A performance issue (ACCUMULO-1062) was found in 1.4.2 when a large number
of clients attempted to update a tablet concurrently.
On Thu, Apr 4, 2013 at 3:26 PM, Jimmy Lin <[EMAIL PROTECTED]> wrote:
> On Thu, Apr 4, 2013 at 2:25 PM, Eric Newton <[EMAIL PROTECTED]> wrote:
>> Have you pre-split your tablet to spread the load out to all the
>> Yes. We are using splits from loading the whole dataset previously.
>> Does the data distribution match your splits?
>> Yes. See above.
>> Is the ingest data already sorted (that is, it always writes to the last
>> No. The data writes to multiple tablets concurrently. We set up a queue
>> parameter and divide the data into multiple queues.
>> How much memory and how many threads are you using in your batchwriters?

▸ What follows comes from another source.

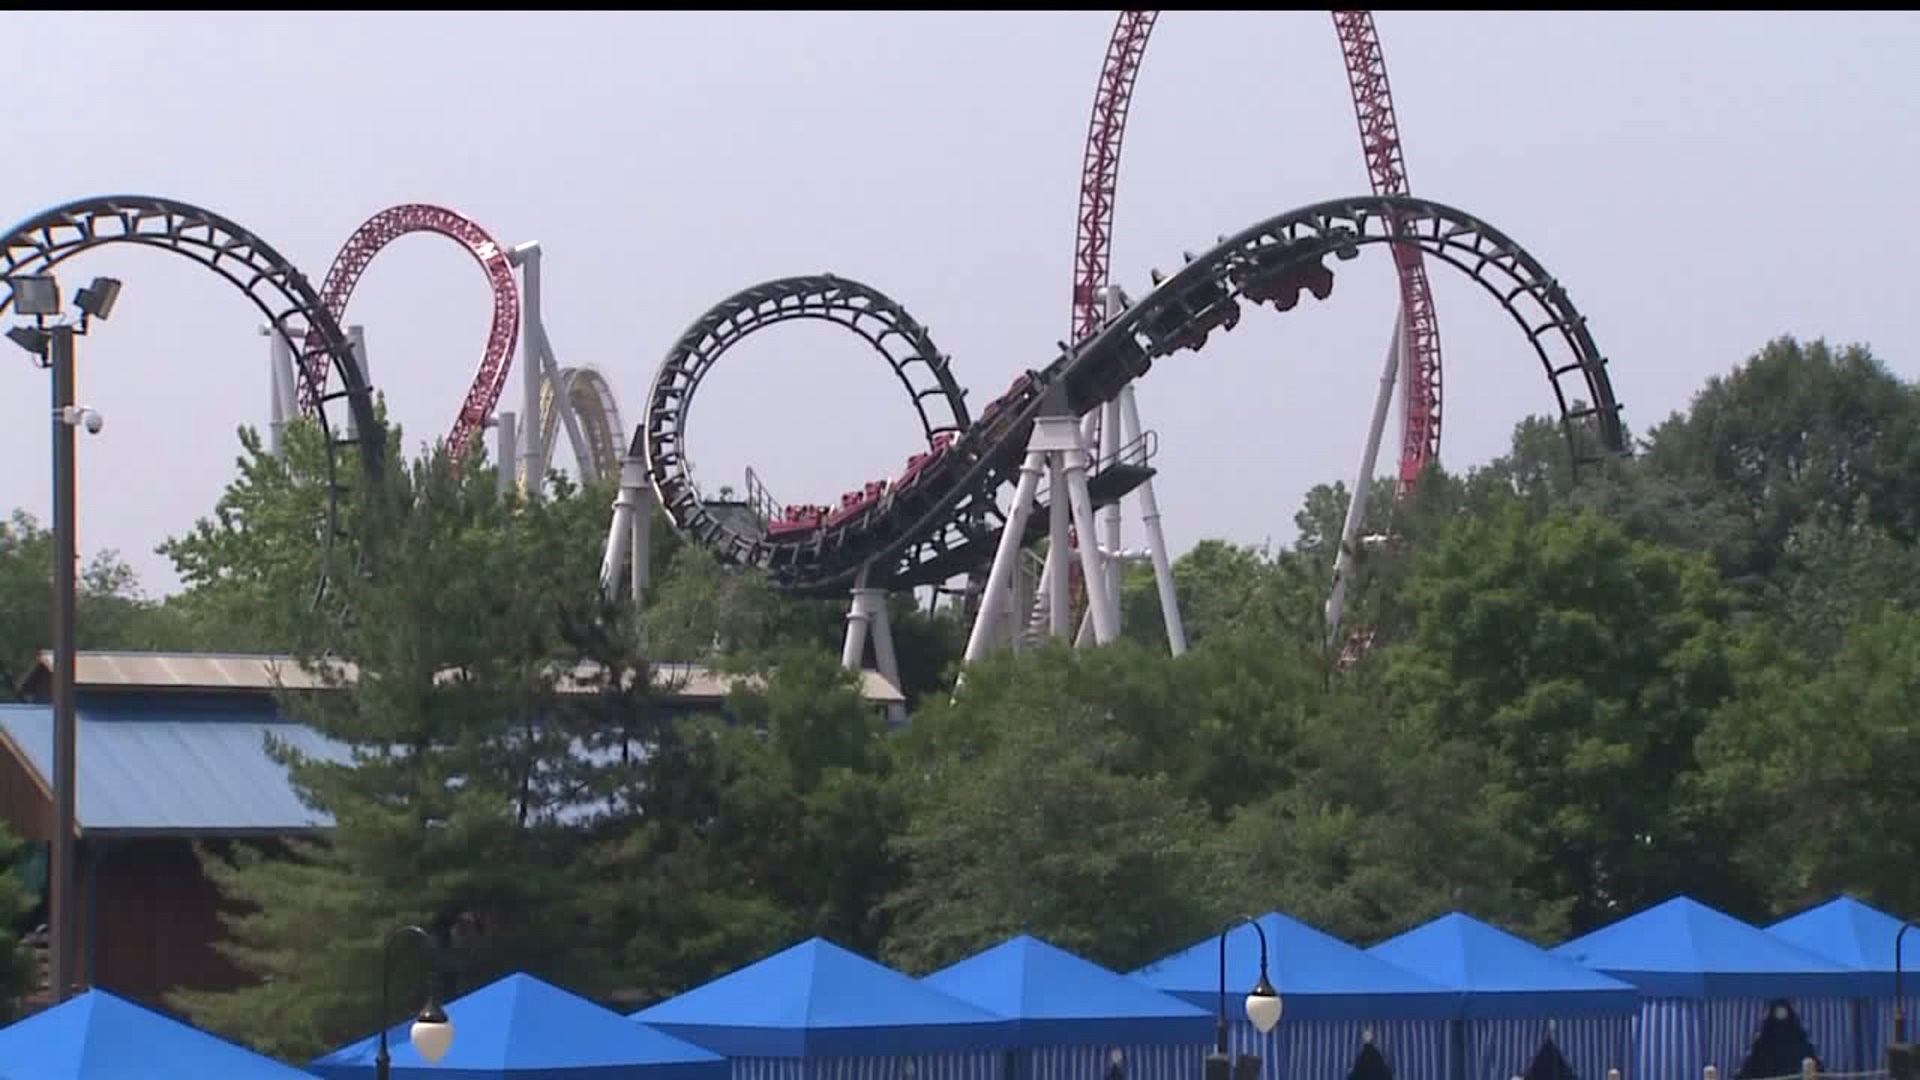 `Unacceptable`: Parent Frustrated with how Hersheypark Handled Report of Attempted Child Abduction

>> I believe we have 16GB of memory for the Java writer with 18 threads
>> running per server.
>> Check the ingest rates on tablet server monitor page and look for hot
>> There are certain servers that have higher ingest rates, and the server
>> that is busiest changes over time, but the overall ingestion rate will not
>> go up.
>> On Thu, Apr 4, 2013 at 2:01 PM, Jimmy Lin <[EMAIL PROTECTED]> wrote:
>>> I am fairly new to Accumulo and am trying to figure out what is
>>> preventing my system from ingesting data at a faster rate. We have 15 nodes
>>> running a simple Java program that reads and writes to Accumulo and then
>>> indexes some data into Solr. The rate of ingest is not scaling linearly
>>> with the number of nodes that we start up. I have tried increasing several
>>> parameters including:
>>> - limit of file descriptors in linux
>>> - max zookeeper connections
>>> - tserver.memory.maps.max
>>> - tserver_opts memory size
>>> - tserver.mutation_queue.max
>>> - tserver.scan.files.open.max
>>> - tserver.walog.max.size
>>> - tserver.cache.data.size
>>> - tserver.cache.index.size
>>> - hdfs setting for xceivers
>>> No matter what changes we make, we cannot get the ingest rate to go over
>>> 100k entries/s and about 6 Mb/s. I know Accumulo should be able to ingest
>>> faster than this.
>>> Thanks in advance,
>>> Jimmy Lin